Introduction
Linear regression is a widely used supervised learning algorithm that has been a cornerstone of machine learning for decades. While linear regression provides good performance on simple datasets, it can become less effective when dealing with non-linear relationships between the independent and dependent variables. This is where polynomial linear regression comes in – an extension of traditional linear regression that accommodates non-linear interactions between features.
In this blog, we will delve into the math behind polynomial linear regression, explore a Python implementation using scikit-learn, and provide guidance on creating our own PolynomialLinearRegression class from scratch.
Mathematical Background
Polynomial linear regression is an extension of traditional linear regression. The core idea remains the same: to find the best-fitting line that minimizes the error between predicted and actual values.
Given a dataset with n samples, each sample has p independent variables (features) denoted by x_i and a single dependent variable y_i. We want to model this relationship using a polynomial equation of degree d:
y_i = β_0 + Σ(j=1 to d) β_j x_{ij}^j
where β_0 is the intercept, and β_j are coefficients corresponding to each feature (x_{ij}) raised to the power j.
To optimize these coefficients, we use ordinary least squares (OLS), a widely used method for linear regression. The OLS objective function can be written as:
Minimize ∑[i=1 to n] (y_i – (β_0 + Σ(j=1 to d) β_j x_{ij}^j))^2
Scikit-learn Implementation
For demonstration purposes, let’s use scikit-learn’s `PolynomialRegressor` class. This implementation uses a built-in polynomial transformation and an optimized linear regression algorithm.
“`python
from sklearn.preprocessing import PolynomialFeatures
from sklearn.linear_model import LinearRegression
import numpy as np
# Create a sample dataset with features x1, x2, x12
X = np.array([[1], [2], [4], [8]])
y = np.array([2, 3, 5, 7])
# Transform the features to include polynomial terms up to degree 2
poly_features = PolynomialFeatures(degree=2)

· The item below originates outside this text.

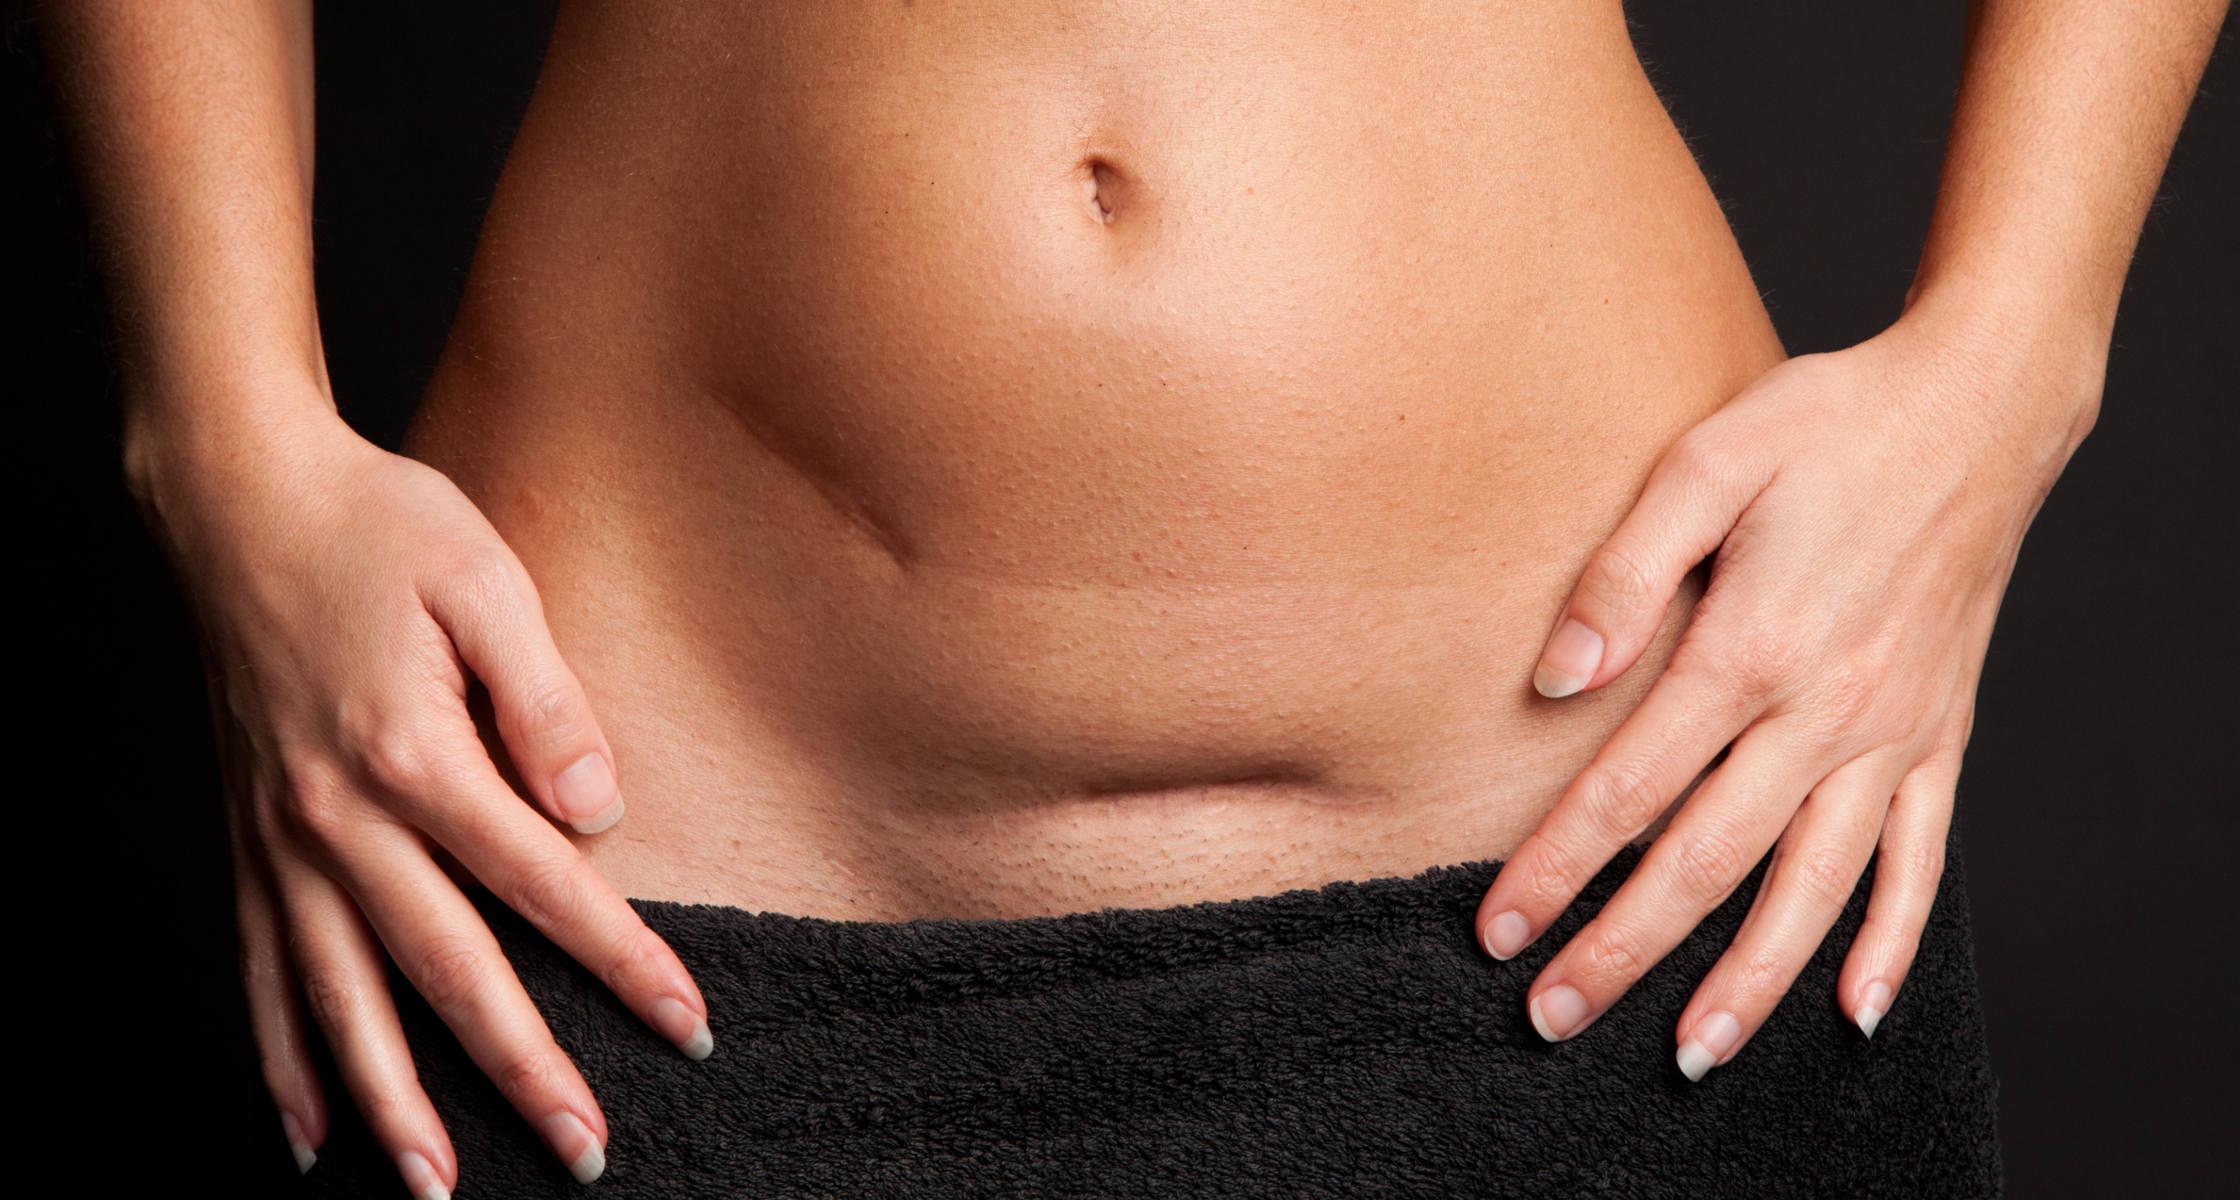 Stillen reduziert Schmerzen nach Kaiserschnitt

X_poly = poly_features.fit_transform(X)
# Create and train a linear regression model with polynomial transformation
model = LinearRegression()
model.fit(X_poly, y)
print(“Coefficients:”, model.coef_)
“`
Creating Your Own PolynomialLinearRegression Class
Let’s create our own implementation of PolynomialLinearRegression from scratch. This will allow us to customize the degree and other hyperparameters.
“`python
import numpy as np
class PolynomialLinearRegression:
def __init__(self, degree=2):
self.degree = degree
self.coef_ = None
self.intercept_ = None
def fit(self, X, y):
# Transform the features to include polynomial terms up to degree ‘degree’
poly_features = PolynomialFeatures(degree=self.degree)
X_poly = poly_features.fit_transform(X)
# Create and train a linear regression model with polynomial transformation
self.model_ = LinearRegression()
self.model_.fit(X_poly, y)
# Extract coefficients and intercept from the trained model
self.coef_ = self.model_.coef_
self.intercept_ = self.model_.intercept_
def predict(self, X):
# Transform new features to include polynomial terms up to degree ‘degree’
poly_features = PolynomialFeatures(degree=self.degree)
X_poly = poly_features.fit_transform(X)
# Use the trained model to make predictions
return self.model_.predict(X_poly)
# Example usage:
X_train, y_train = np.random.rand(100, 2), np.random.rand(100)
model = PolynomialLinearRegression(degree=3)
model.fit(X_train, y_train)
print(“Coefficients:”, model.coef_)
print(“Intercept:”, model.intercept_)
y_pred = model.predict(np.array([[1.5], [2.8]]))
print(“Predicted values:”, y_pred)
“`
Conclusion
Polynomial linear regression is a powerful extension of traditional linear regression that can handle non-linear relationships between features. By understanding the math behind this algorithm and implementing it in Python, we have gained a deeper insight into how to create models that capture complex relationships.
While scikit-learn’s `PolynomialRegressor` class provides an efficient implementation, creating our own PolynomialLinearRegression class from scratch allows for customization of degree and other hyperparameters. This approach also enhances understanding of the underlying algorithms and techniques used in machine learning.
As machine learning continues to evolve, we will likely see more complex regression models that incorporate higher-order polynomials or even non-polynomial transformations. By building a solid foundation in polynomial linear regression, we can tackle these challenges with confidence and create more accurate models for real-world problems.